11. A string matching device comprising:

a pattern sorting module configured to sort patterns based on a suffix block;

first and second pattern storage units configured to store the sorted patterns; and

first and second pattern matching units corresponding to the first and second pattern storage units and configured to perform string matching on a target text using patterns stored at the first and second pattern storage units, respectively.

12. The string matching device of claim 11, further comprising:

a shared data storage module configured to store the target text, and

wherein the first and second pattern storage units access the shared data storage module to read the target text.

13. The string matching device of claim 12, wherein the first and second pattern matching units execute the string matching using a Wu-Manber algorithm.

14. The string matching device of claim 13, wherein the first and second pattern matching units perform pre-processing on patterns stored at the first and second pattern storage units, respectively, to generate a shift table, a hash table and a prefix table.

15. The string matching device of claim 14, wherein when the shift table is generated, each of the first and second pattern matching units sets a shift value to ‘0’ on a combination of the same characters as a suffix block of patterns stored at a corresponding one of the first and second pattern storage units.

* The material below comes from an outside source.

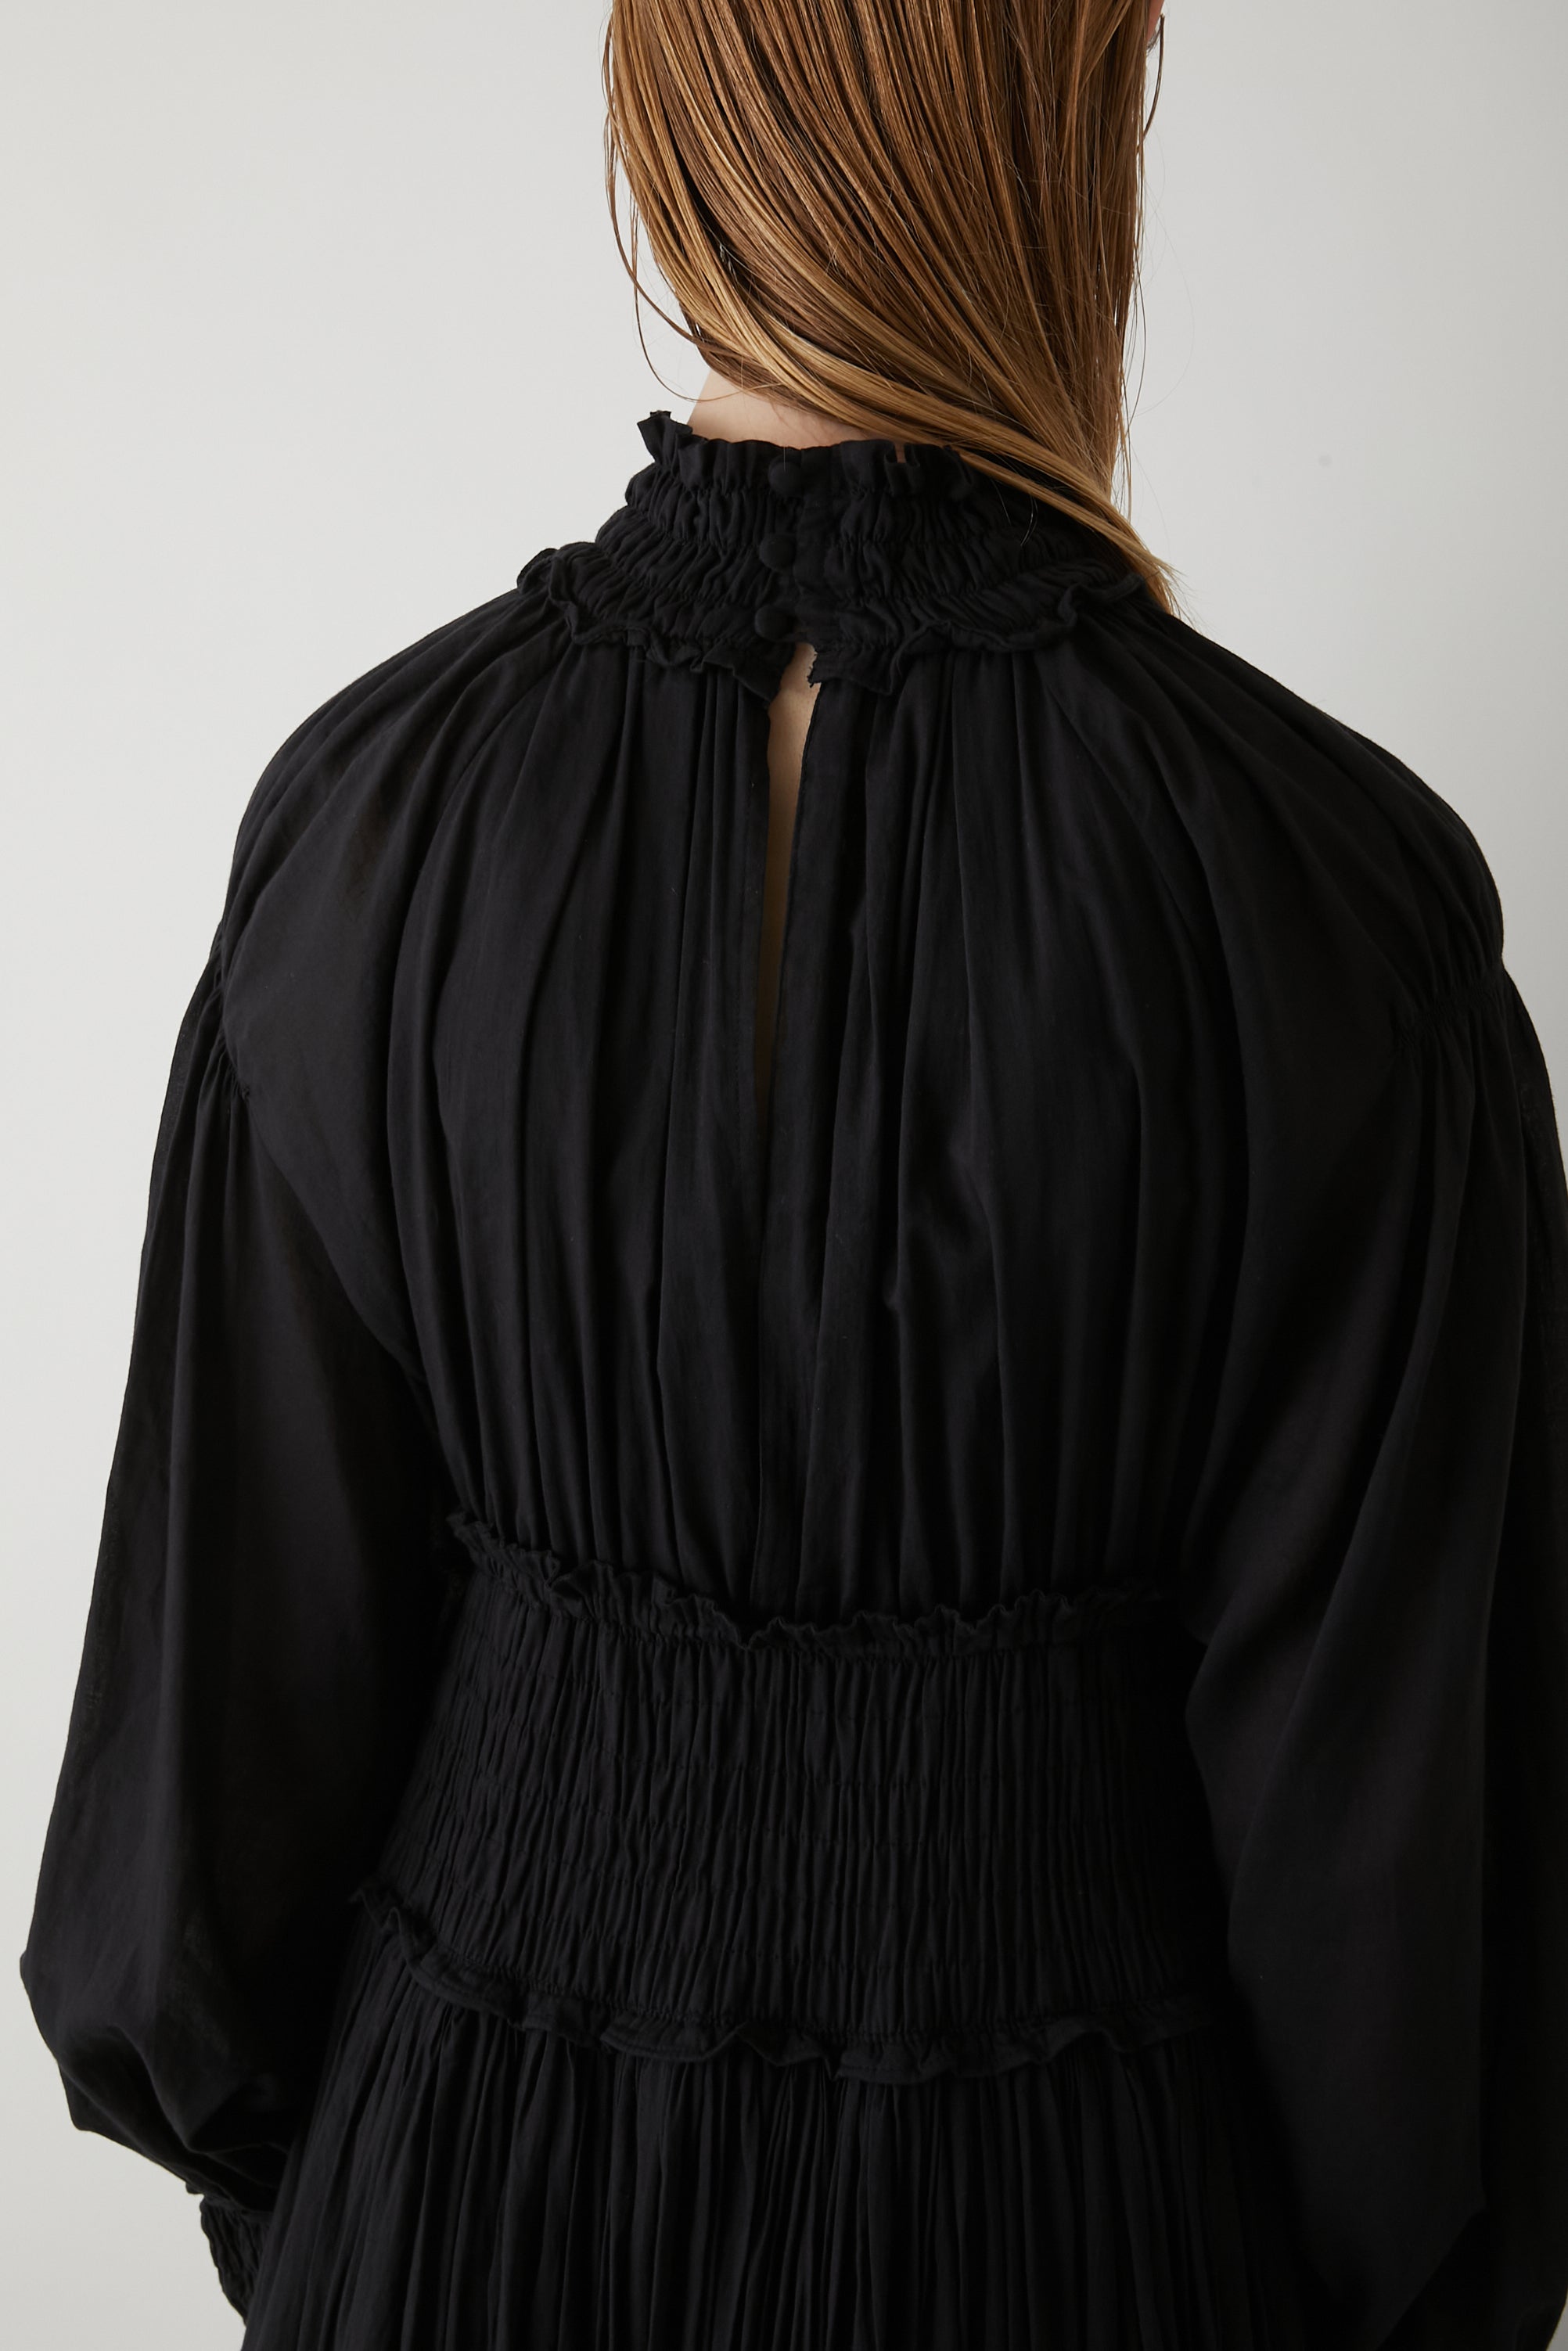 cotton voil dress │ BLACK

16. The string matching device of claim 13, wherein the pre-processing and the string matching are processed in parallel by the first and second pattern matching units.

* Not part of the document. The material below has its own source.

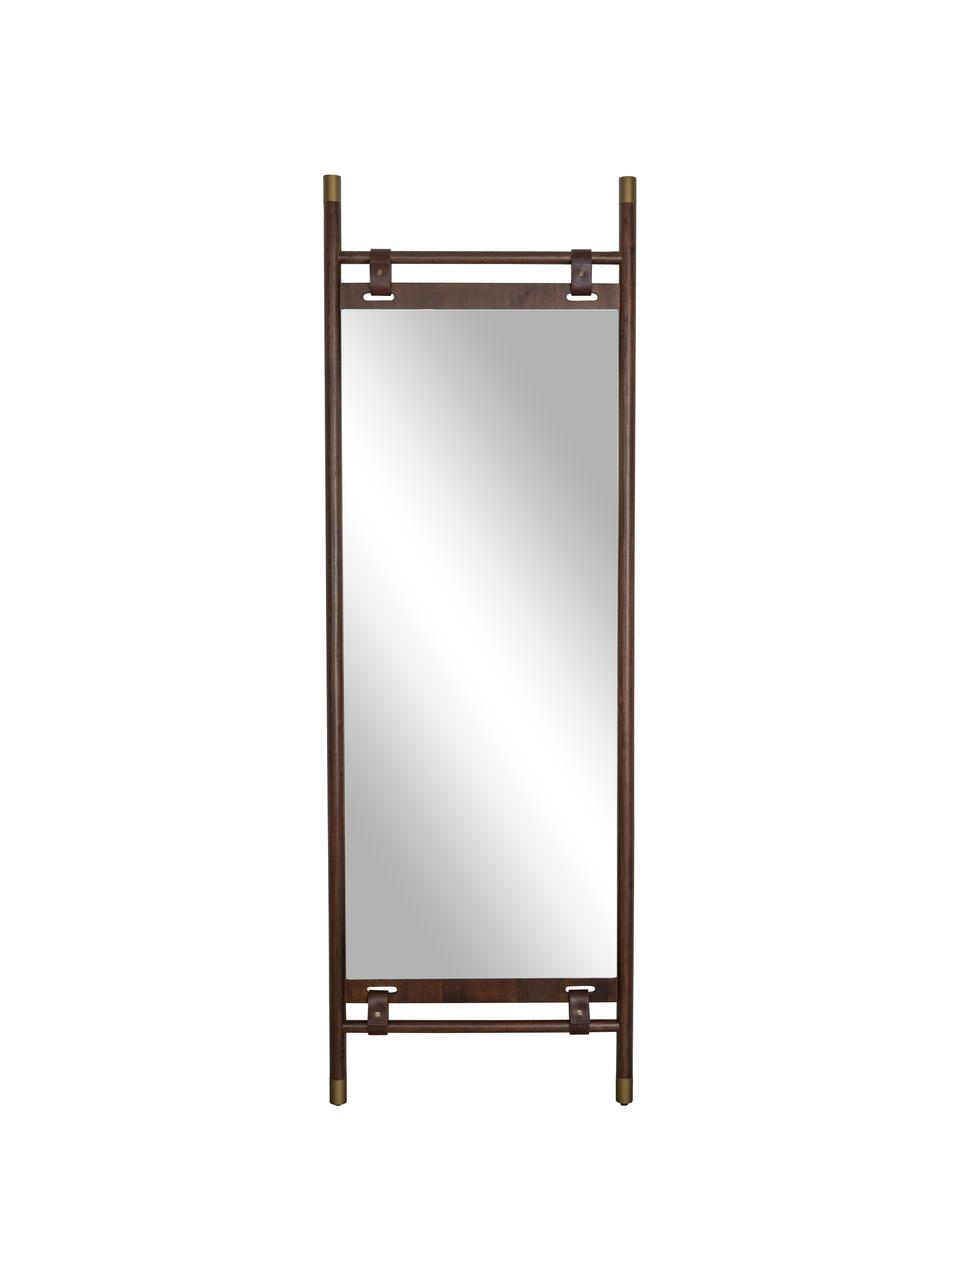 Eckiger Anlehnspiegel Riva mit braunem Holzrahmen und Lederriemen, Rahmen: Buchenholz, Spiegelfläche: Spiegelglas, Dunkelbraun, B 60 x H 180 cm

17. The string matching device of claim 16, wherein the first and second pattern matching units are implemented by a multi-core processor.

18. The string matching device of claim 11, wherein the pattern sorting module sorts the patterns according to lexicographic order of characters included in the suffix block.

19. The string matching device of claim 11, wherein the target text is a genome gene sequence.

20. The string matching device of claim 11, wherein a size of the suffix block is 2.